By: VG Cabuag, Business Mirror
Josephine Gotianun-Yap, Filinvest Development Corp.’s (FDC) president and CEO, said people are now expecting to find several features within the development, such as convenience stores and telemedical consultations, so they will not have to go far to find these services.
“So we’re really actually quite happy that our developments in Filinvest are less dense and our MRB (medium rise building) projects allocate quite a big percentage—60 percent–to open spaces, our buildings are not as tall, I think the consumers will appreciate that more,” Yap said.

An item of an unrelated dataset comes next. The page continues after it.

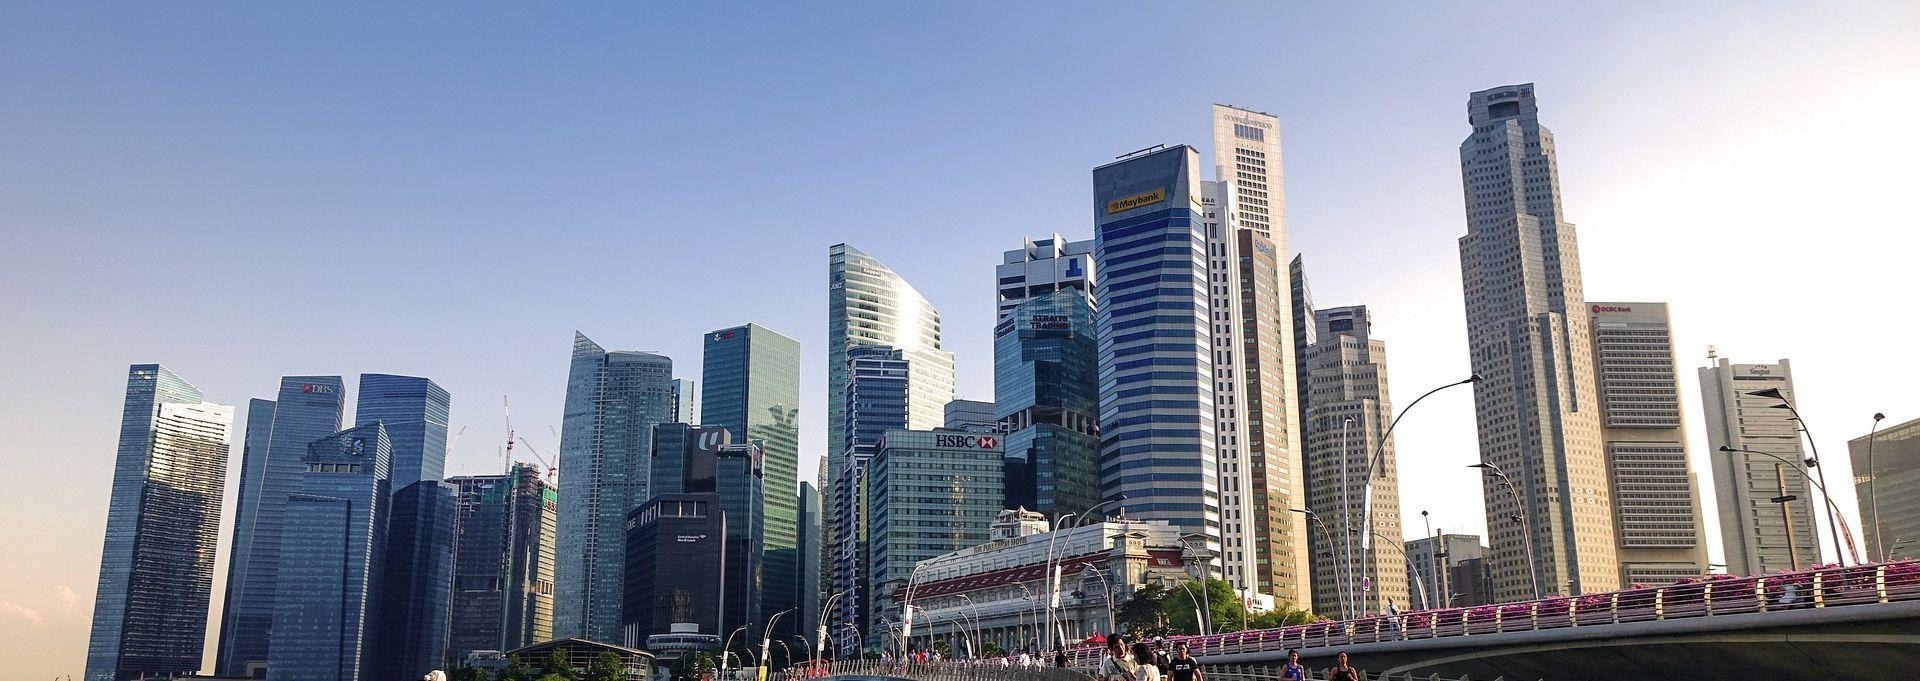 Zašto je Singapur odabran za susret Trumpa i Kim Jong Una?

FDC owns property developer and shopping mall operator Filinvest Land Inc.
On the retail side, Yap said the company expects its tenants mix would change as e-commerce will be accelerated, but this in turn this will create a demand for logistics space.
The company also operates shopping malls, but Yap admits that it is not a major mall player in the country compared with other developers as the retail spaces that it maintain are meant to serve its township development.
“From the very beginning, since we are not a major mall player, our emphasis is different. Our emphasis was really more on lifestyle, a lot more lifestyle activities. We had predicted that there will be more e-commerce going forward so we made sure our malls are there,” she said.
“And we hope that the consumers will overcome their fear so that they will get used to go under the new normal and consumption can bring back the demand for goods and services,” she added.